Теперь Сикус понял, о чем говорит она, однако же, растерянность его не проходила — это он чувствовал себя виноватым, за то, что так рванулся тогда, за то что смел сопротивляться им Эльфам, высшим созданиям.
И вот он забормотал свои сбивчивые рассуждения, но, только взглянул на нее, и сразу же понял, что это лучше не говорить — замолчал. Некоторое время, он ничего не говорил, очень смутился; и тогда, видя его смущение, дева что-то начала рассказывать; но он, слыша ее голос, и, любуясь этим голосом, как музыкой, но, не понимая отдельных слов, вдруг, почувствовал, как растет в нем какой-то огненный вихрь.

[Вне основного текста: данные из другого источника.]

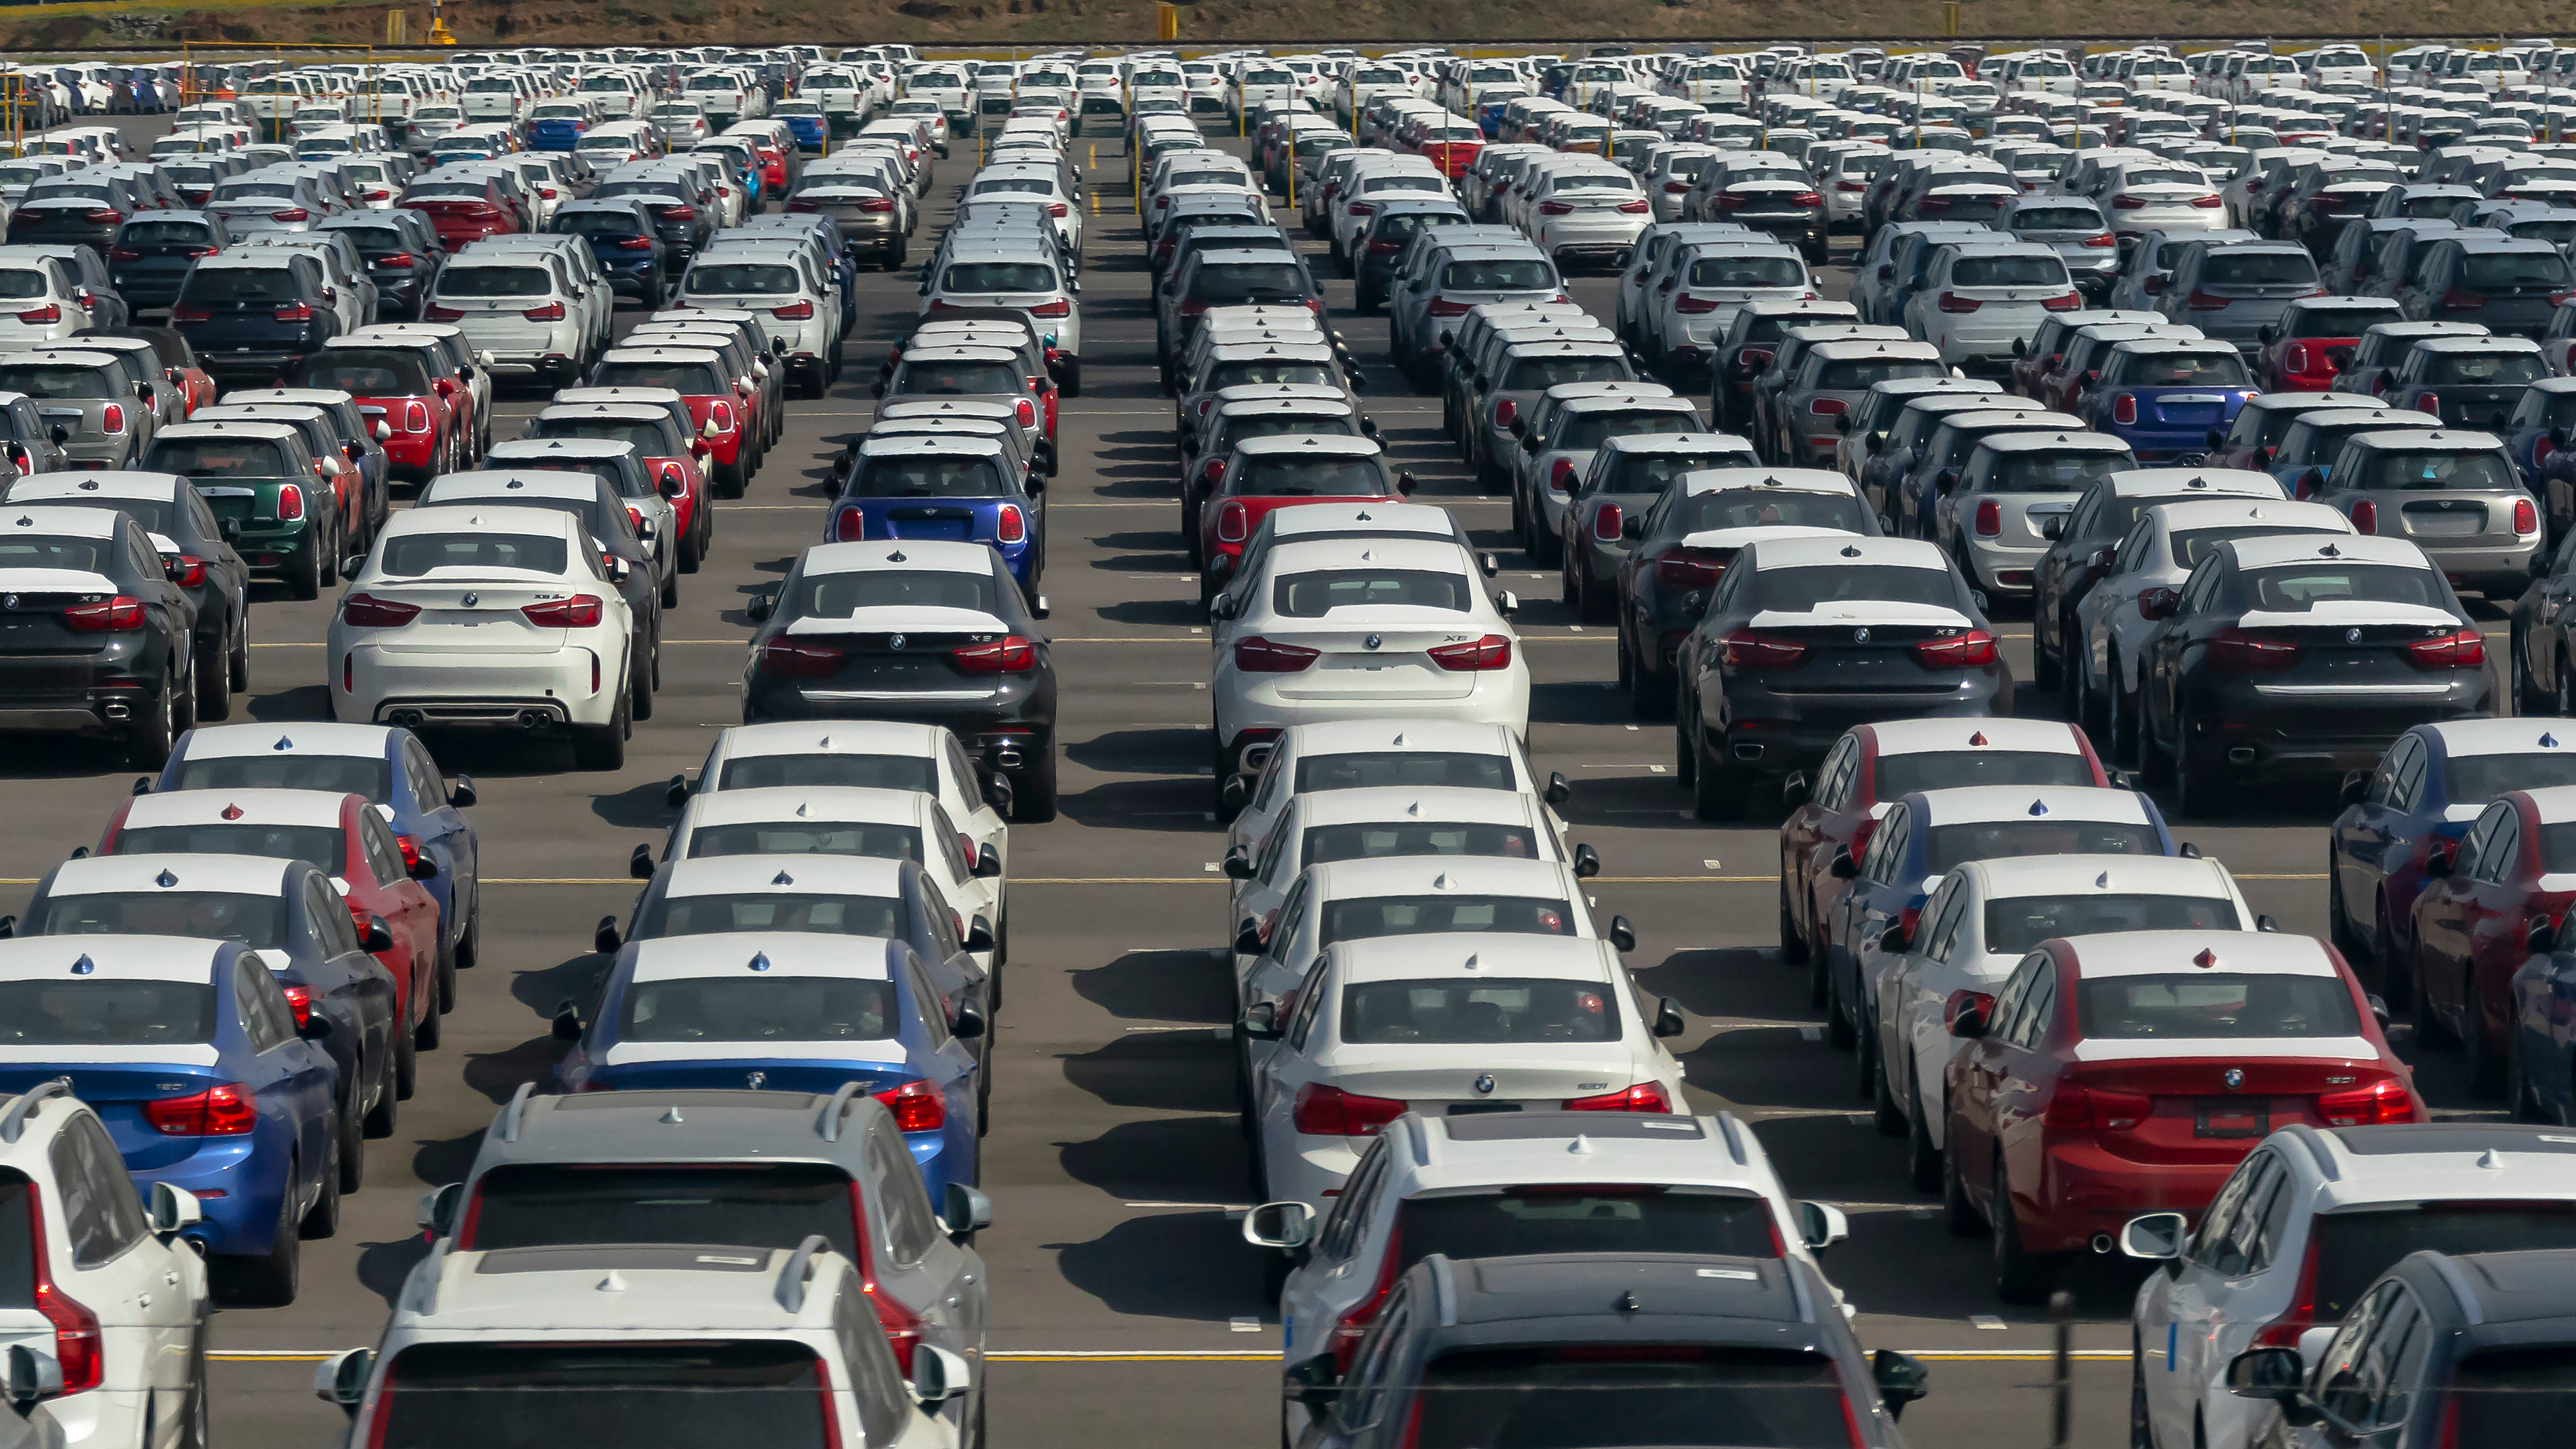 La subasta que realizará la SAT son de vehículos que ingresaron al país, pero los propietarios no pagaron los impuestos correspondientes. (Foto Prensa Libre: Hemeroteca)

Он даже и не смотрел на нее. Точнее видел, но видел, как то так — краем зрения, и в то же время испытывал эти сильнейшие чувства. Как описать их?.. Он, ведь, ни к чему себя не настраивал, и, лишь несколькими минутами назад, был так спокоен, как, пожалуй, никогда в жизни. И вот теперь, придя откуда-то извне, стал возрастать в его сознании некий вихрь пламенный. Этот вихрь сковал все его движенья, от его нестерпимого напряжения, он чувствовал, все его тело дрожит, и раскалывается, он не чувствовал ног, и вот — повалился на колени; услышал испуганное восклицание Кисэнэи: «Что с вами?!» — но и восклицанье это ничего не значило. И вот он, старая случайно не взглянуть на нее, начал говорить — он не помнил себя, и он выкладывал в эту речь все, что накопилось в нем — он говорил и говорил, все не мог остановиться, с какой-то безумной, не то разрушающей, не то созидательной силищей, надрывался он:
— Я люблю тебя. Да — люблю. Прекрасная дева… Я… Я… — тут он зарыдал. — Мне было так хорошо на этом пиру, пели, ели — но теперь я понимаю, что за всеми этим прекрасными и бесконечными виденьями, для меня — ничего нет! Все это — совсем ничего не значит!.. Видишь ли, прекрасная, недоступная — видишь ли, я жалкий и подлый — быть может, я, все-таки, не зря родился?! Быть может, и в моем подлом существовании есть какой-то смысл?!.. Но я знаю, что никакого смысла нет, когда тебя рядом нет! И я, ведь только вчера тебя впервые увидел! Так, ведь, ты скажешь?! Так, ведь?!.. Но и до этой встречи помню я светлое облако! Да, такое светлое, такими цветами пышущее каких и нет в этом мире, которых и представить нельзя! И вот только ласкаемое этим облаком, моя душа нашла смысл своего существования! Понимаешь — в той любви, когда весь ты принадлежишь этому высшему, но и все это, высшее, так же принадлежит и тебе, так же любит тебя!.. Понимаешь, и вот нашел я тебя Высшую, но в то же время и близкую, более прекрасную, и более чистую чем утренняя звезда, но такую земную, от которой я могу постичь истину!.. А, как говорю то — говорю то, наверно и сбивчиво, и непонятно; но вы уж постарайтесь, поймите меня: люблю я вас, земную, словно вы — небесная… Люблю!!! Люблю!!!..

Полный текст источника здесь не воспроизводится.